DATA TO USE below:

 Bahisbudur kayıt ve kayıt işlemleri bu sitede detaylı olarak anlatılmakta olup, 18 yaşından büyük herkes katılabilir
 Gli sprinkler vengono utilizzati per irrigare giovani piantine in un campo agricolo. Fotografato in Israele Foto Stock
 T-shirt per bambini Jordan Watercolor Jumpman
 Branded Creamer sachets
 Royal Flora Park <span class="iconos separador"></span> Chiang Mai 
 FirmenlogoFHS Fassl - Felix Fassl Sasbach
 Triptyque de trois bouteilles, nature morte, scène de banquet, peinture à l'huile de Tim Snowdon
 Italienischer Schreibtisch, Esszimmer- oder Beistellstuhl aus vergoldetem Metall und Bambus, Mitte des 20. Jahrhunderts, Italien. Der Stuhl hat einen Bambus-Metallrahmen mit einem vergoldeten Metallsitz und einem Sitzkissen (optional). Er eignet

End of DATA TO USE.

WORK TO BE COMPLETED:
Quote exactly and only the lines from the one holding "Royal Flora Park" through the end of the data.

EXERCISE RESULT:
 Royal Flora Park <span class="iconos separador"></span> Chiang Mai 
 FirmenlogoFHS Fassl - Felix Fassl Sasbach
 Triptyque de trois bouteilles, nature morte, scène de banquet, peinture à l'huile de Tim Snowdon
 Italienischer Schreibtisch, Esszimmer- oder Beistellstuhl aus vergoldetem Metall und Bambus, Mitte des 20. Jahrhunderts, Italien. Der Stuhl hat einen Bambus-Metallrahmen mit einem vergoldeten Metallsitz und einem Sitzkissen (optional). Er eignet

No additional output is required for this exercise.